Among the entries below, retype exactly the lines starting with the one with "XENIAL CoEx-Luftpolsterfolie, 1000mm" and going on through the one with "Thursday Night Jazz", but not the pictures.

THE DATA:

Segment Open

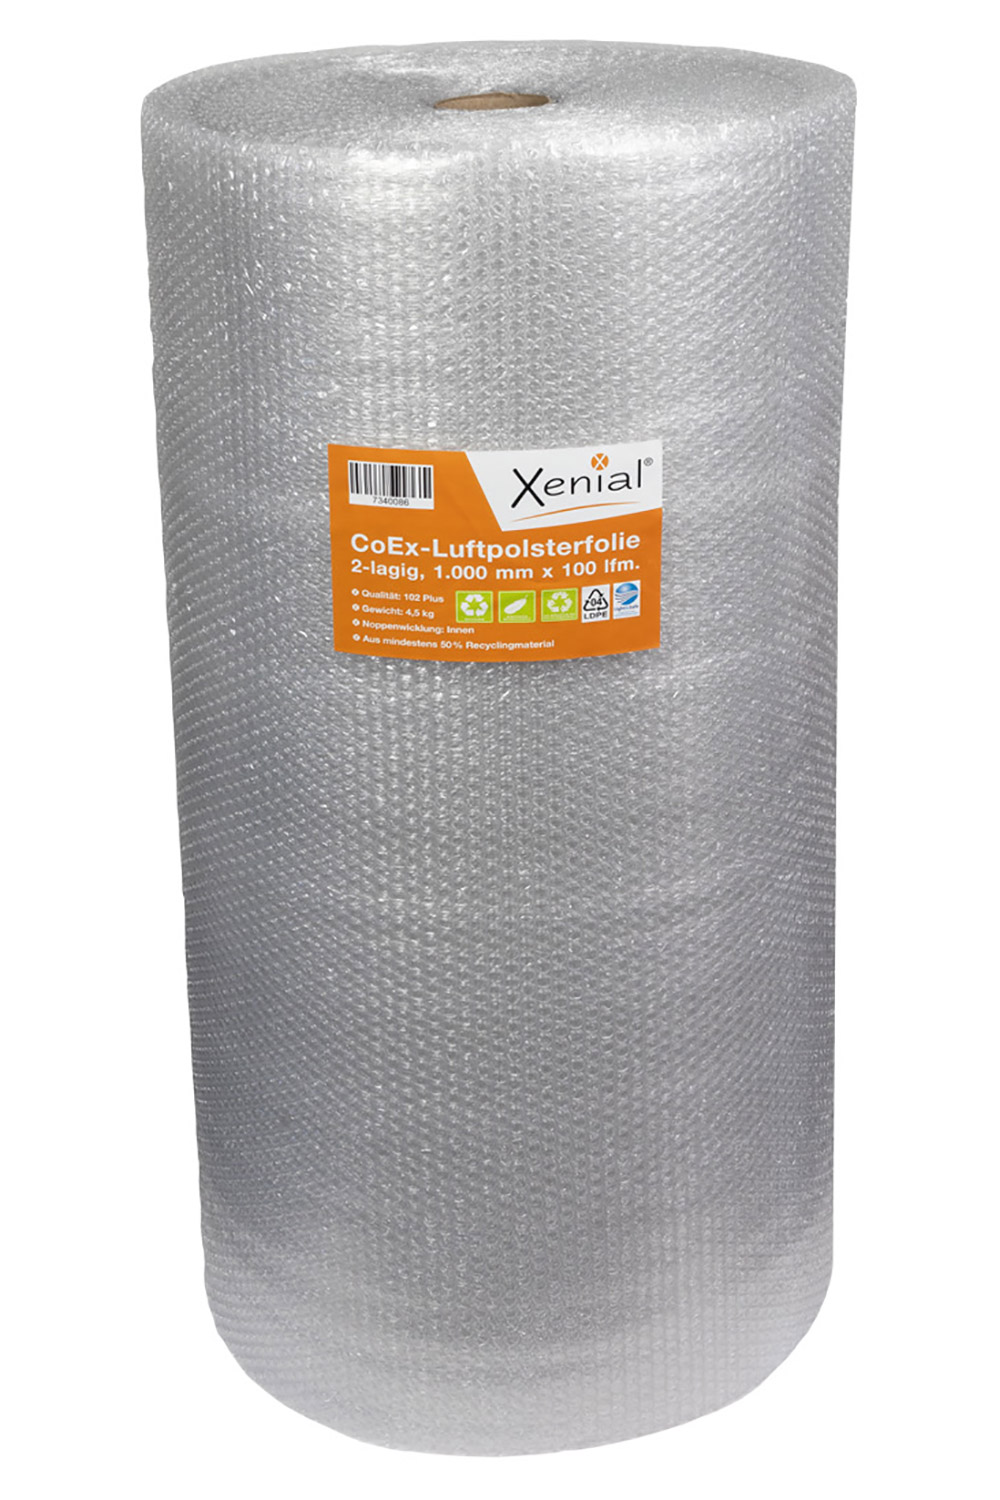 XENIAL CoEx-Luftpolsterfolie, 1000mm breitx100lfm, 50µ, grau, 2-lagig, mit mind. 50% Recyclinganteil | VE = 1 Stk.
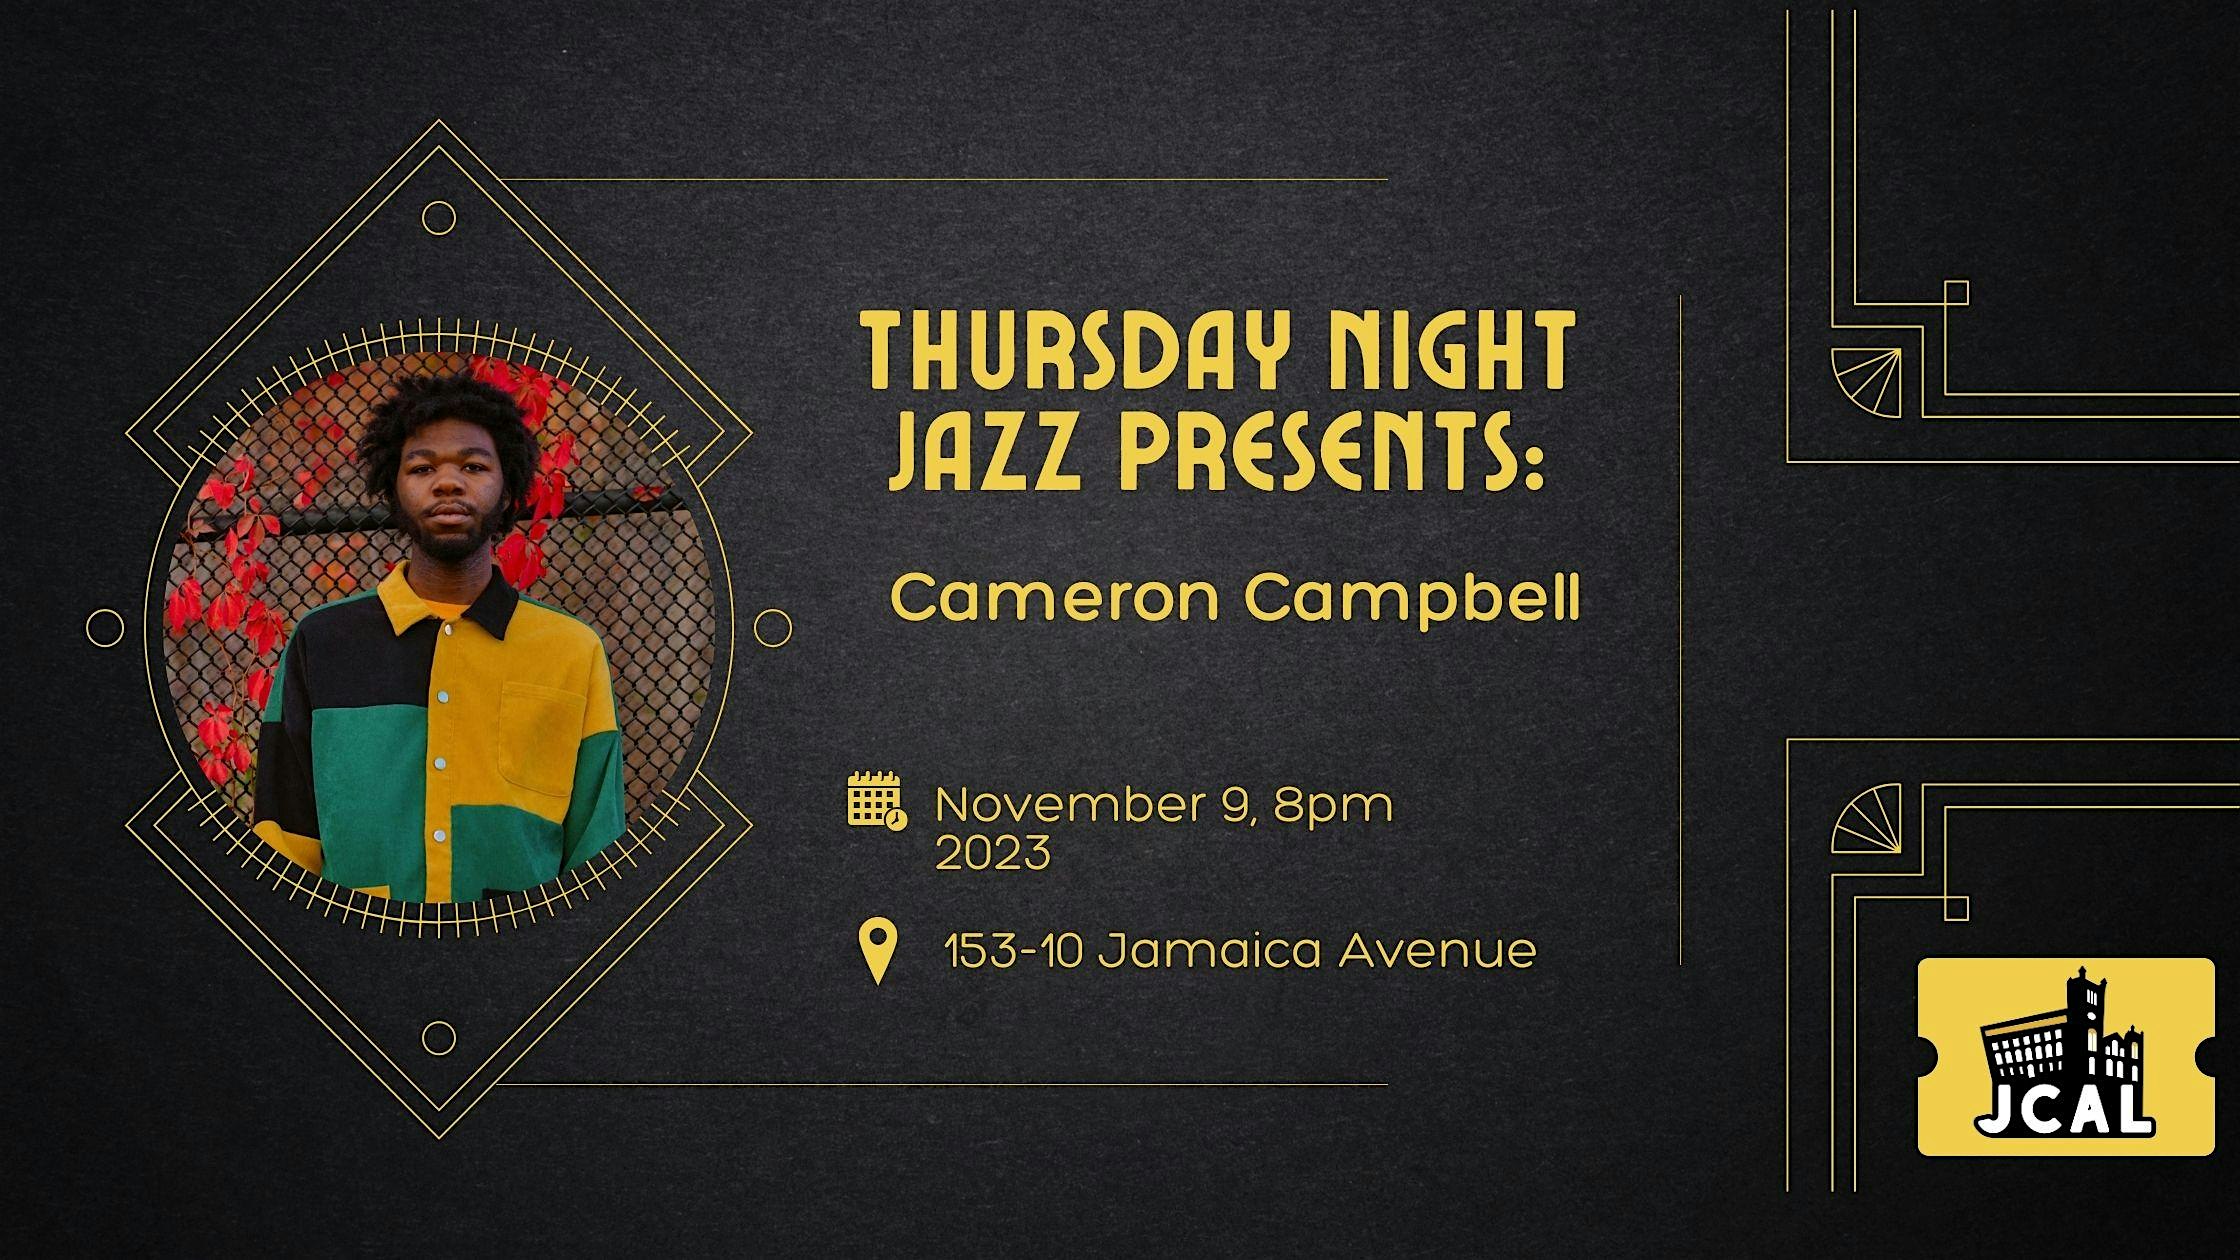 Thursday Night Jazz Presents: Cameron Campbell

Segment Closed
Segment Open

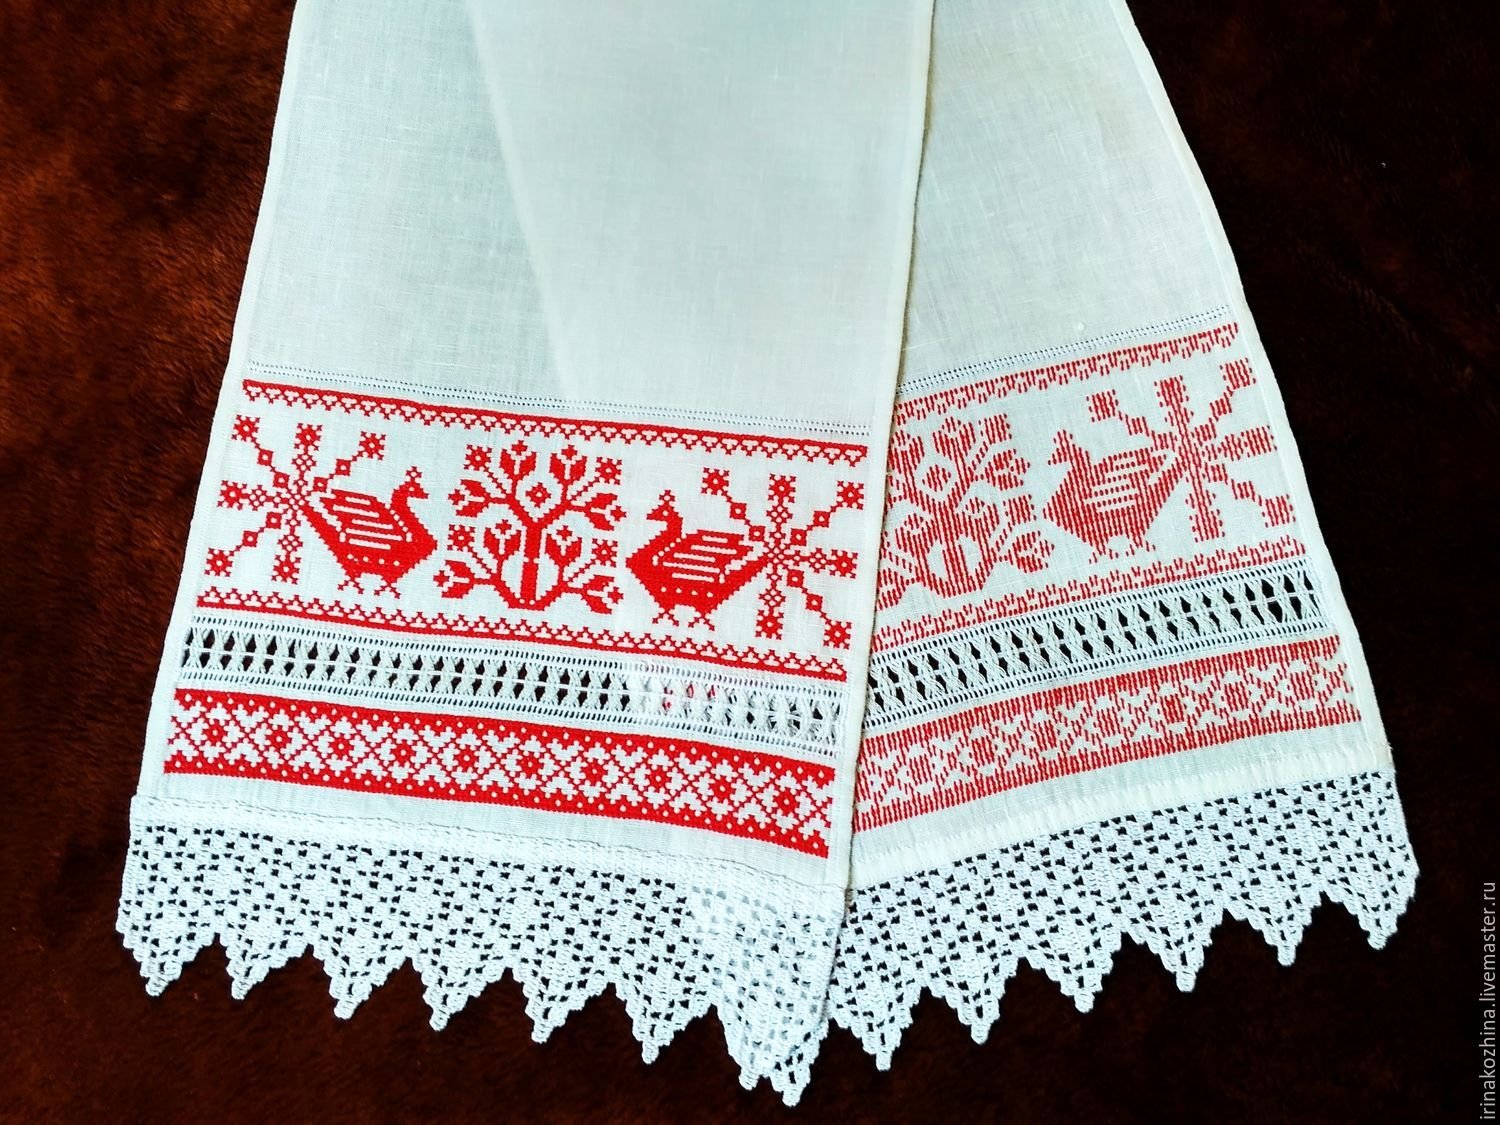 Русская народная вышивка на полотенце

Segment Closed

RESPONSE TO THE TASK:
 XENIAL CoEx-Luftpolsterfolie, 1000mm breitx100lfm, 50µ, grau, 2-lagig, mit mind. 50% Recyclinganteil | VE = 1 Stk.
 Thursday Night Jazz Presents: Cameron Campbell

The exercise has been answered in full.